An Extensive Review of Sentiment Analysis Leveraging Artificial Intelligence and Machine Learning
Mrs. Shweta Sinha
Assistant professor, Department of Computer Science, National Post Graduate College
Pranati Kaushik
Student, scholar, Department of Computer Science, National Post Graduate College
Abstract-
Because social networking sites are growing so quickly in the Internet age, they are now a vital tool for sharing emotions with people everywhere. Many people convey their opinions or thoughts using text, images, music, and video. On the other hand, text communication through Web-based networking media might be a little overwhelming. Social media platforms are the source of vast amounts of unstructured data generated on the Internet every second. To understand human psychology, data must be analysed as quickly as it is generated. Sentiment analysis, which identifies polarity in texts, can help with this. It evaluates the author's attitude toward a thing, organization, person, or place—whether it be favourable, negative, or neutral.

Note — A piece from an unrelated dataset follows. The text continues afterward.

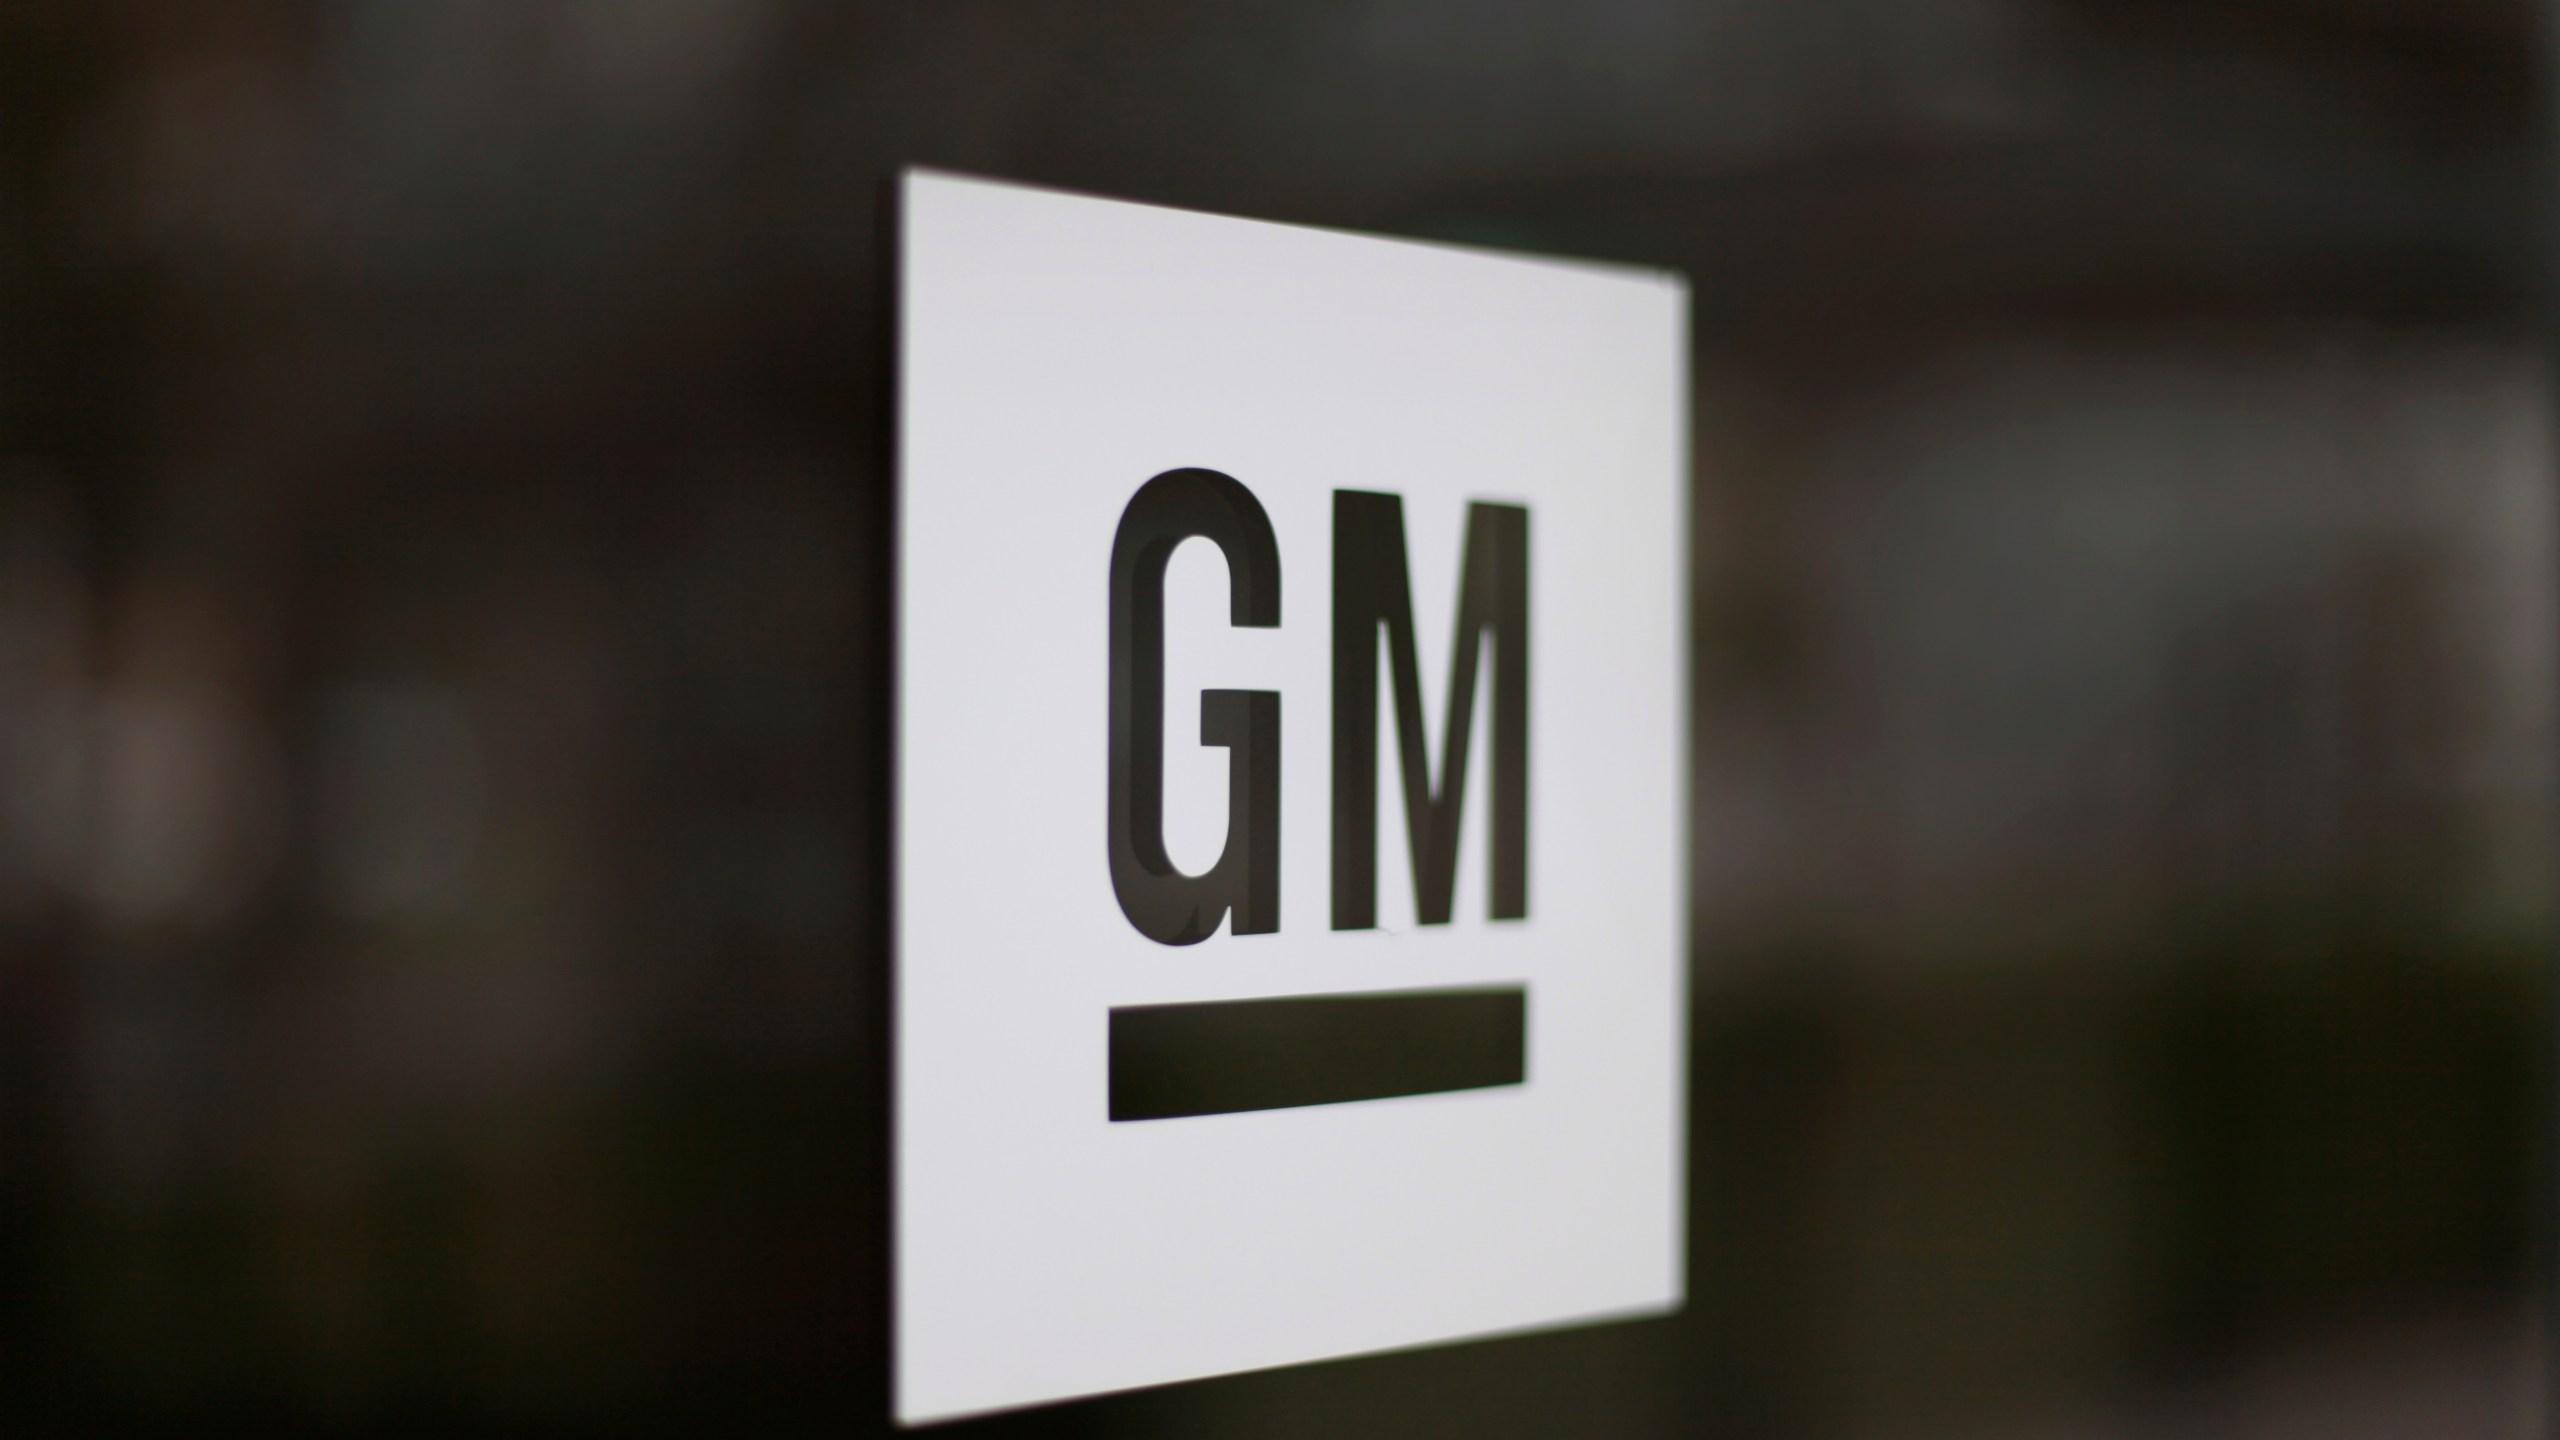 General_Motors_Brake_Investigation_33392-159532.jpg80927482

Organizations can obtain real-time insights on customer sentiment, experience, and brand reputation with the use of sentiment analysis technologies. These technologies typically evaluate online sources like emails, blogs, reviews, customer service tickets, news stories, survey results, case studies, web chats, tweets, forums, and comments using text analytics. Whether the consumer is using positive, negative, or neutral language, algorithms are employed to construct rule-based, automatic, or hybrid methods of scoring.

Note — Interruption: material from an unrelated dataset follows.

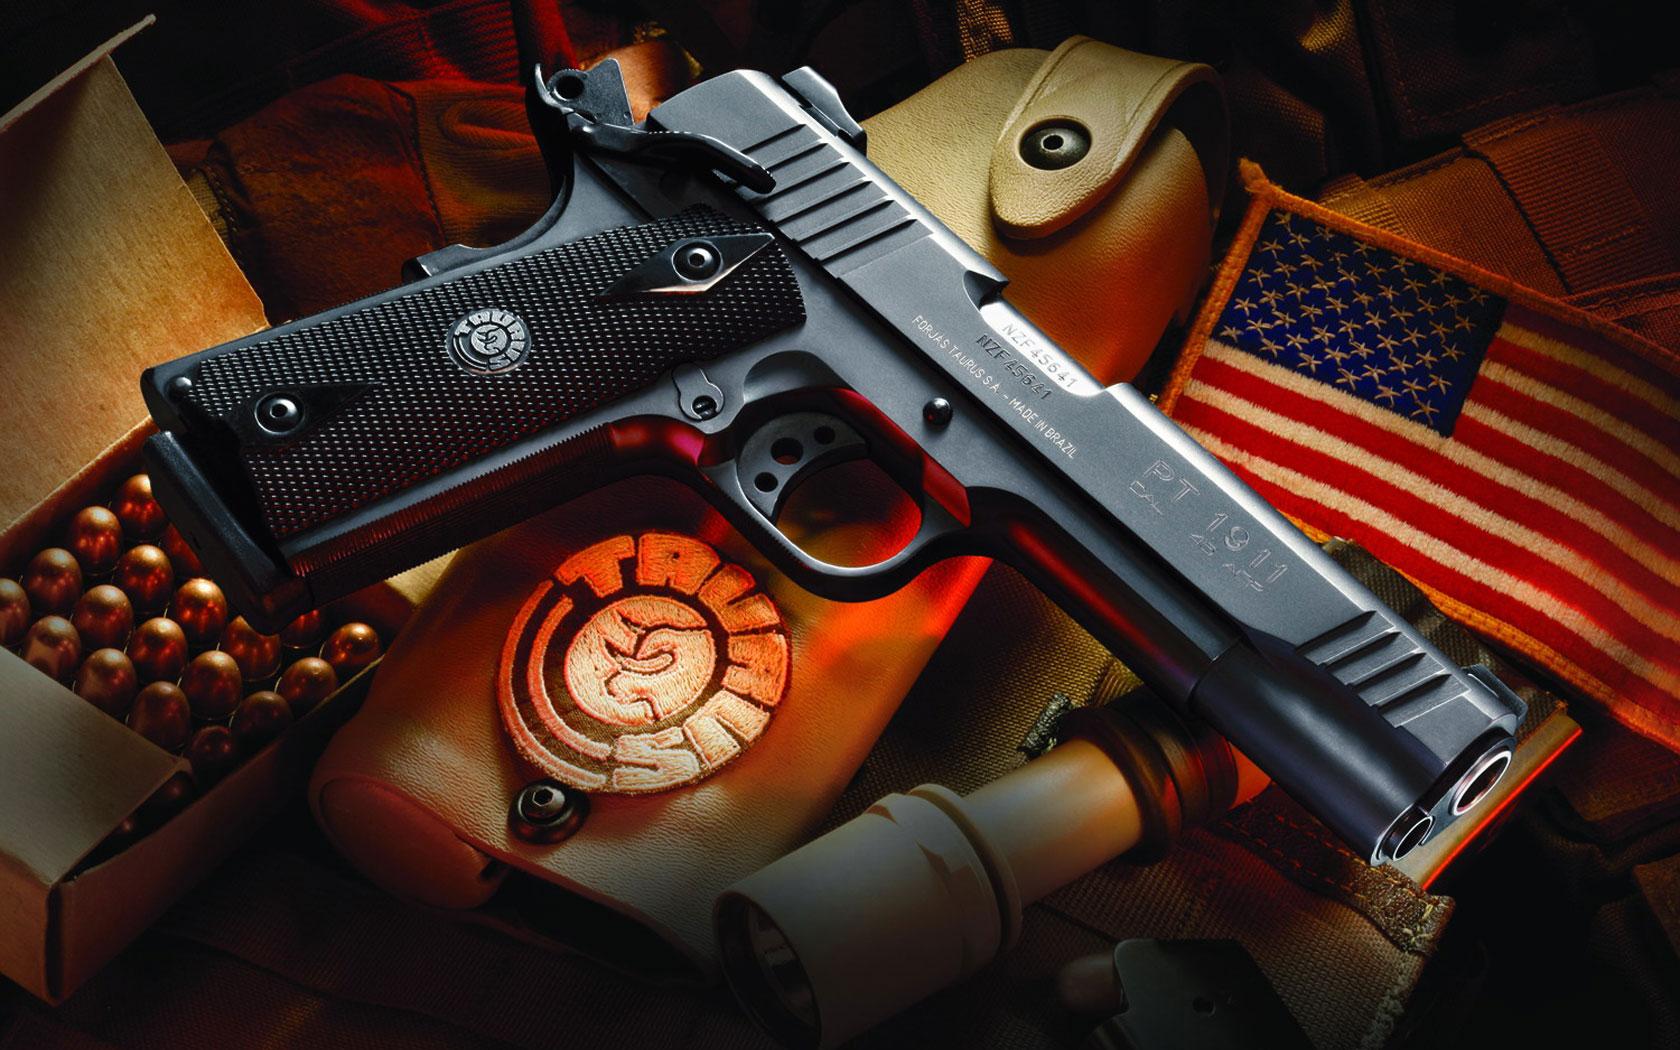 Taurus PT 1911 Guns Lot 1680x1050

Sentiment analysis may not be sufficient in certain applications; in such cases, emotion detection—which accurately assesses a person's emotional and mental state—is necessary. Understanding of sentiment analysis levels, different emotion models, and the procedure for sentiment analysis and emotion detection from text are all provided by this review work. This paper concludes by discussing the difficulties encountered in sentiment and emotion analysis.